Everything from the line with "Indiana Statehouse wedding" to the last line of the listing must be retyped exactly, both ends included, with the pictures dropped.

▸ Raw data:
▬▬▬▬▬▬▬▬▬▬

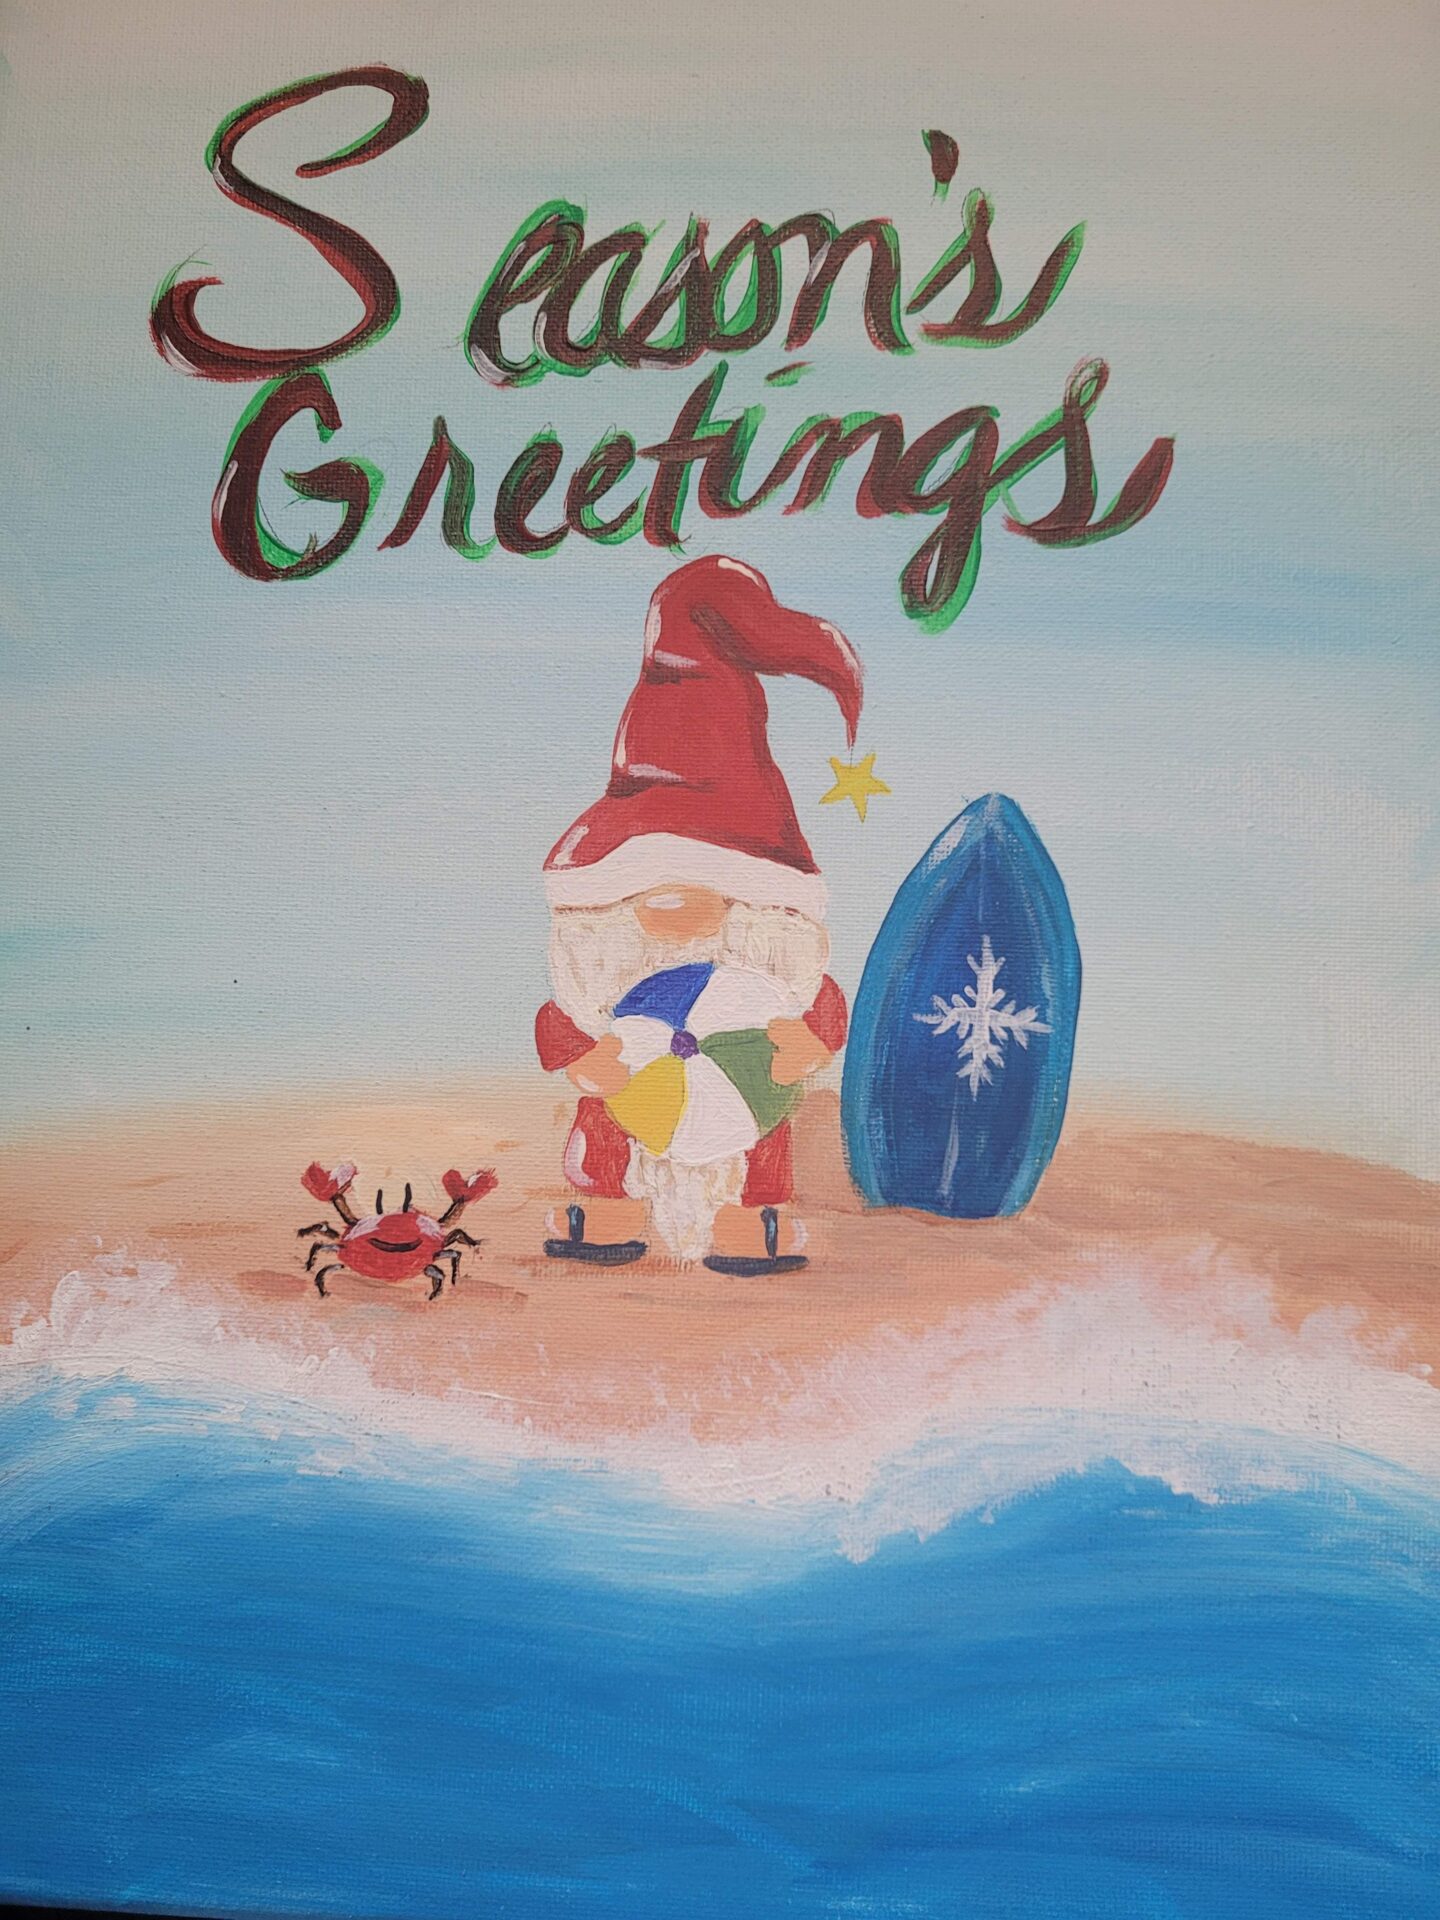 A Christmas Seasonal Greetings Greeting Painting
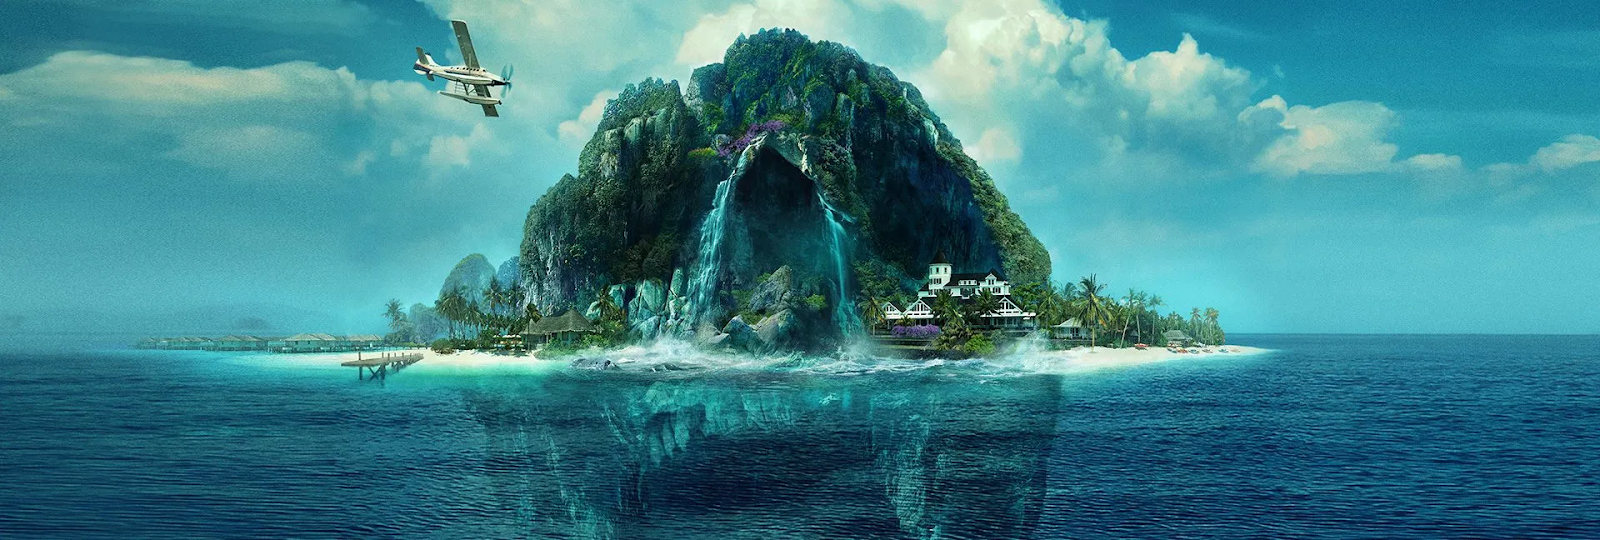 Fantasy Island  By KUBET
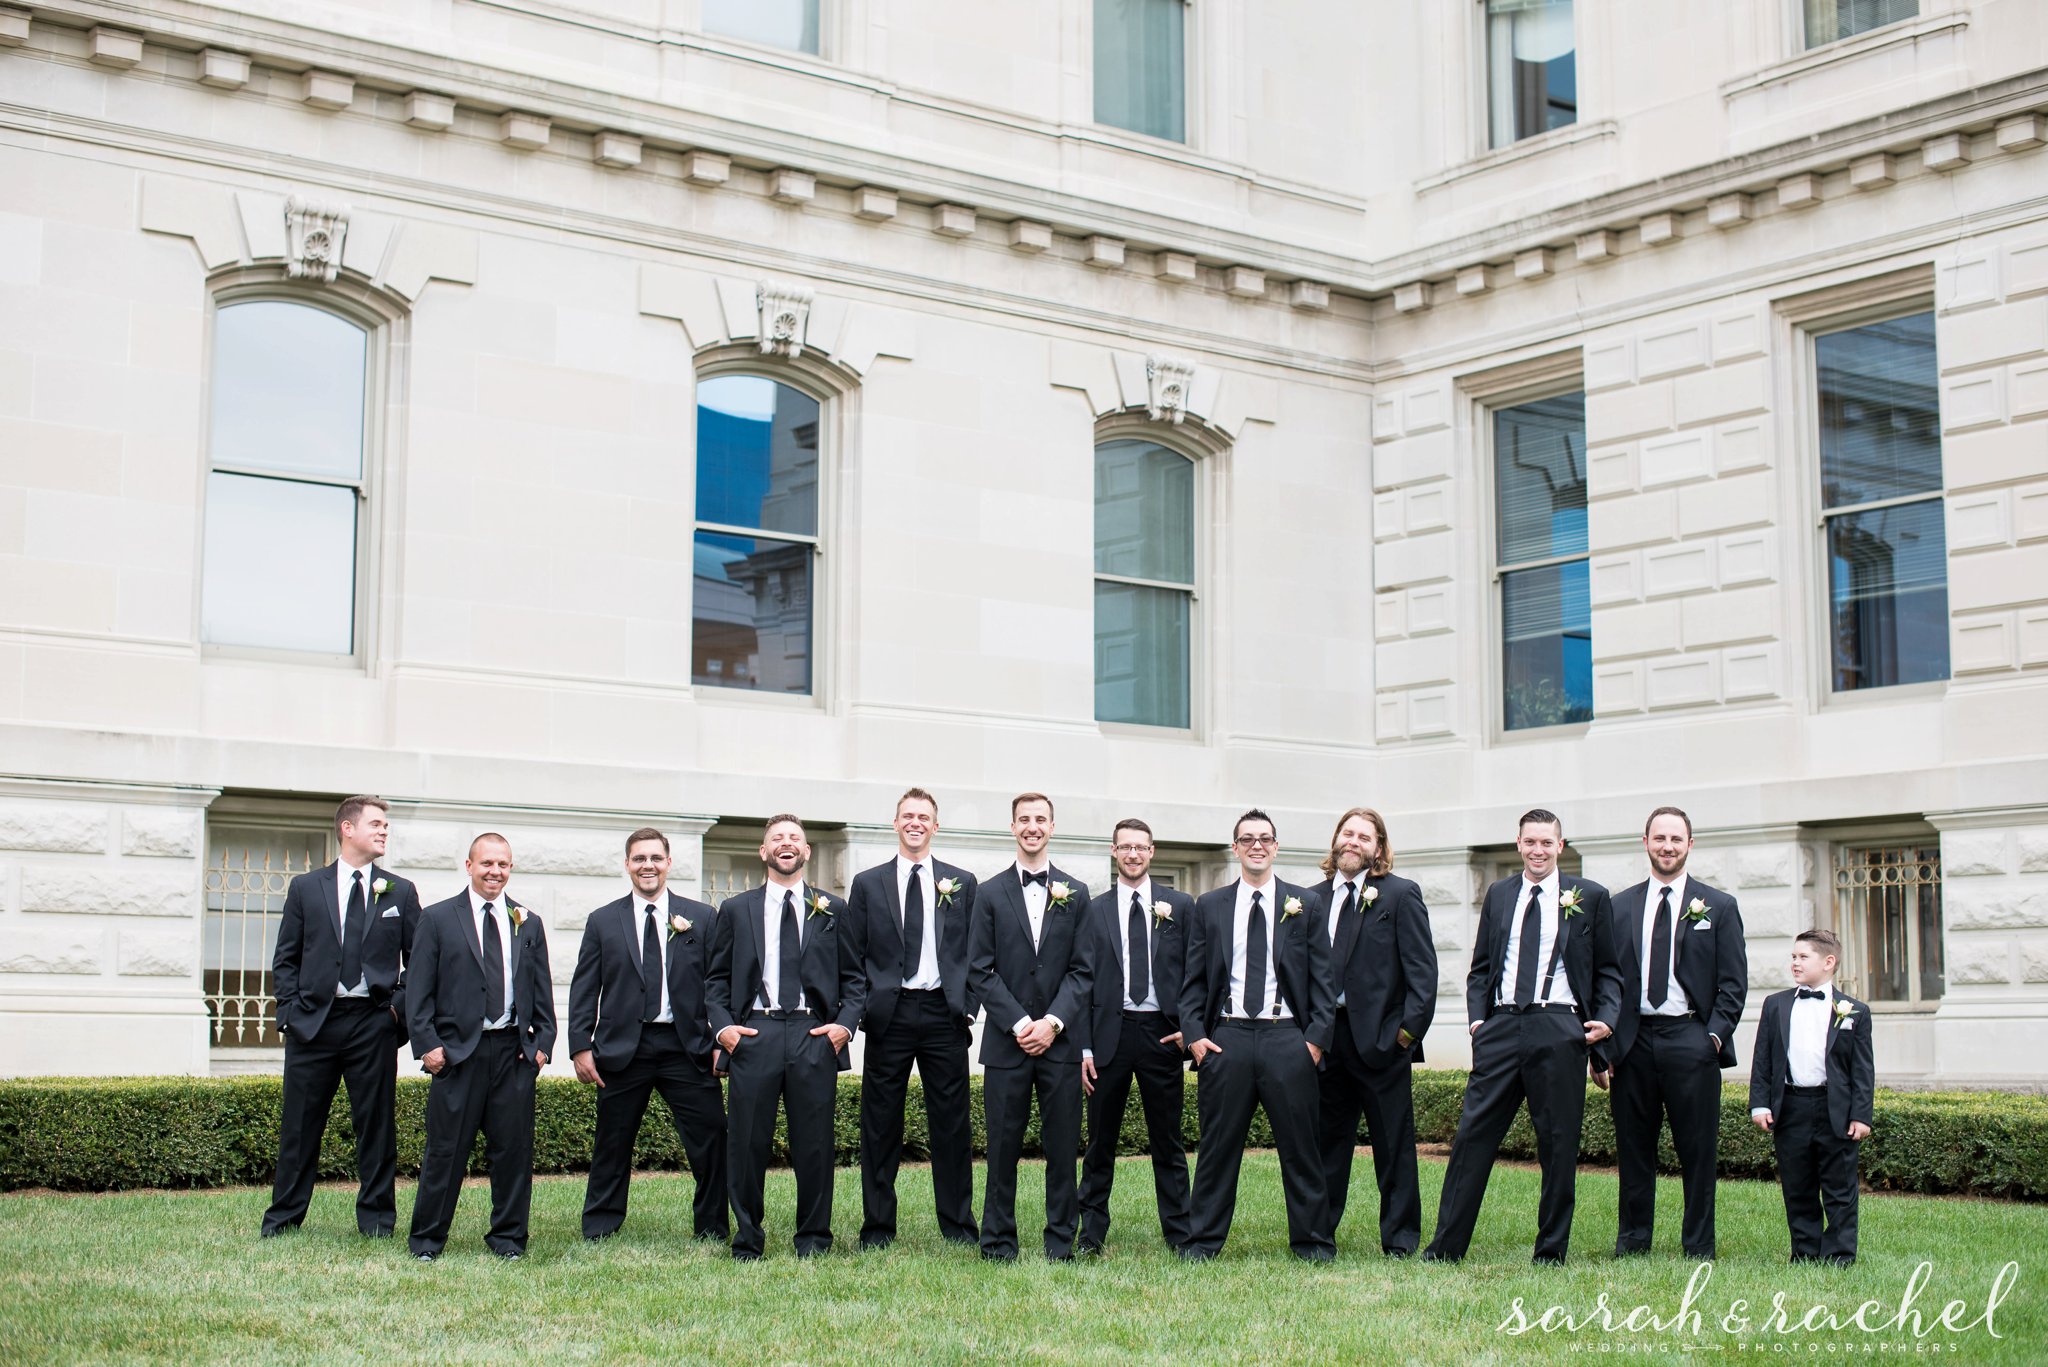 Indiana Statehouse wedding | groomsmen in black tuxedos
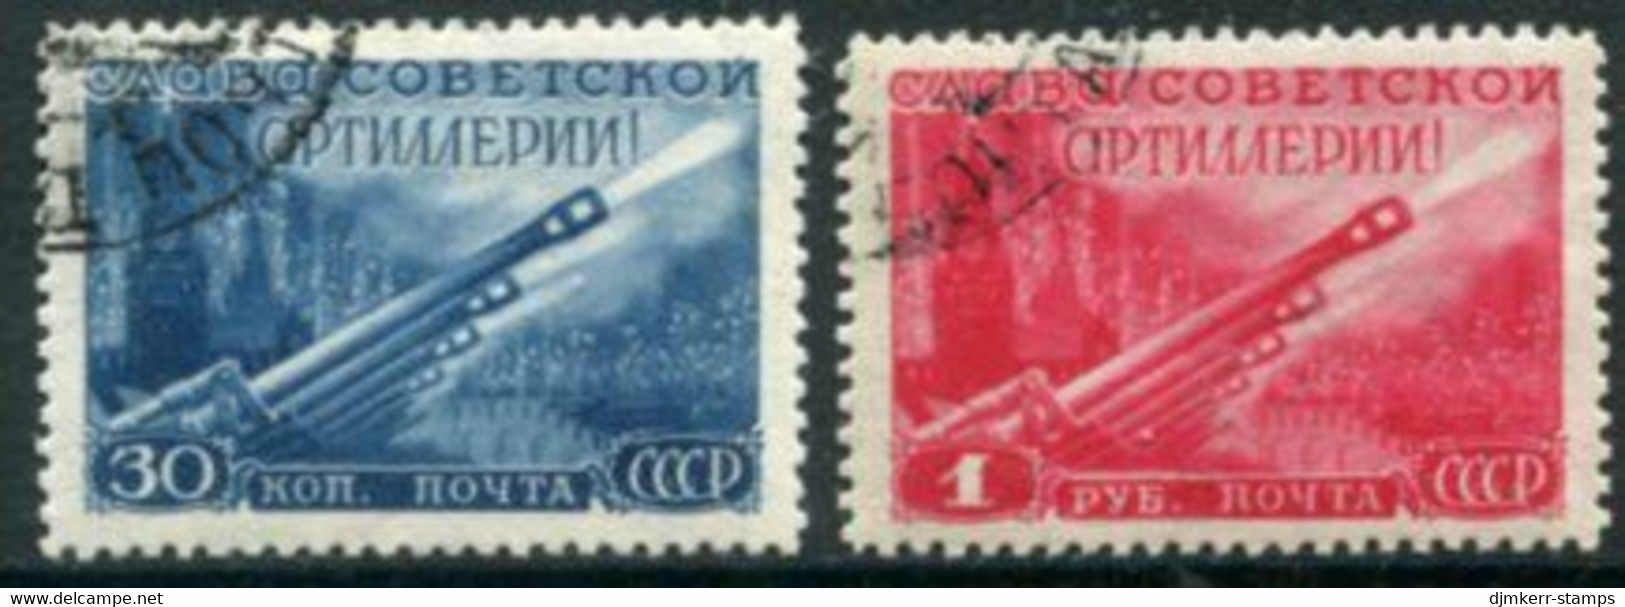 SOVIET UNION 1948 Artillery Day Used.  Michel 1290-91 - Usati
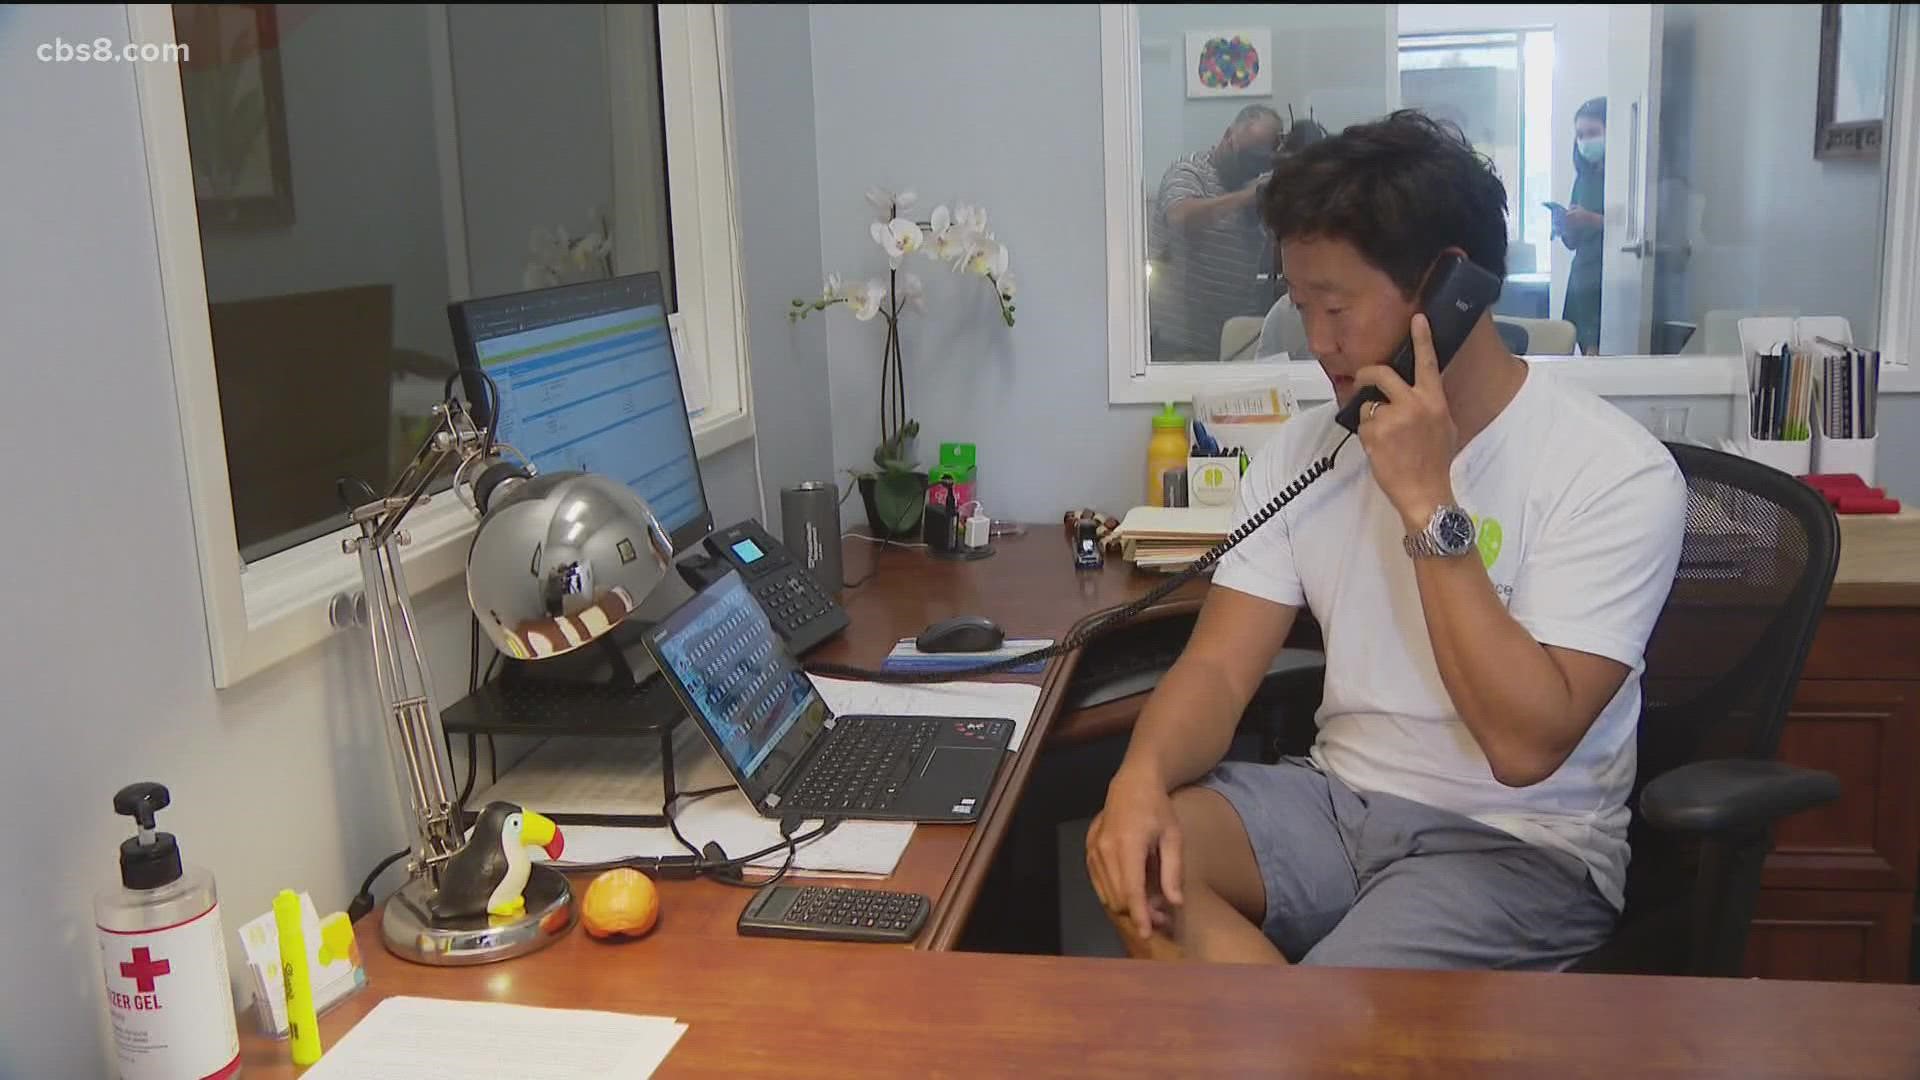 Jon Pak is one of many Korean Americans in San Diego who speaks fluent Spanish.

▬▬▬▬▬▬▬▬▬▬

▸ Written solution:
 Indiana Statehouse wedding | groomsmen in black tuxedos
 SOVIET UNION 1948 Artillery Day Used.  Michel 1290-91 - Usati
 Jon Pak is one of many Korean Americans in San Diego who speaks fluent Spanish.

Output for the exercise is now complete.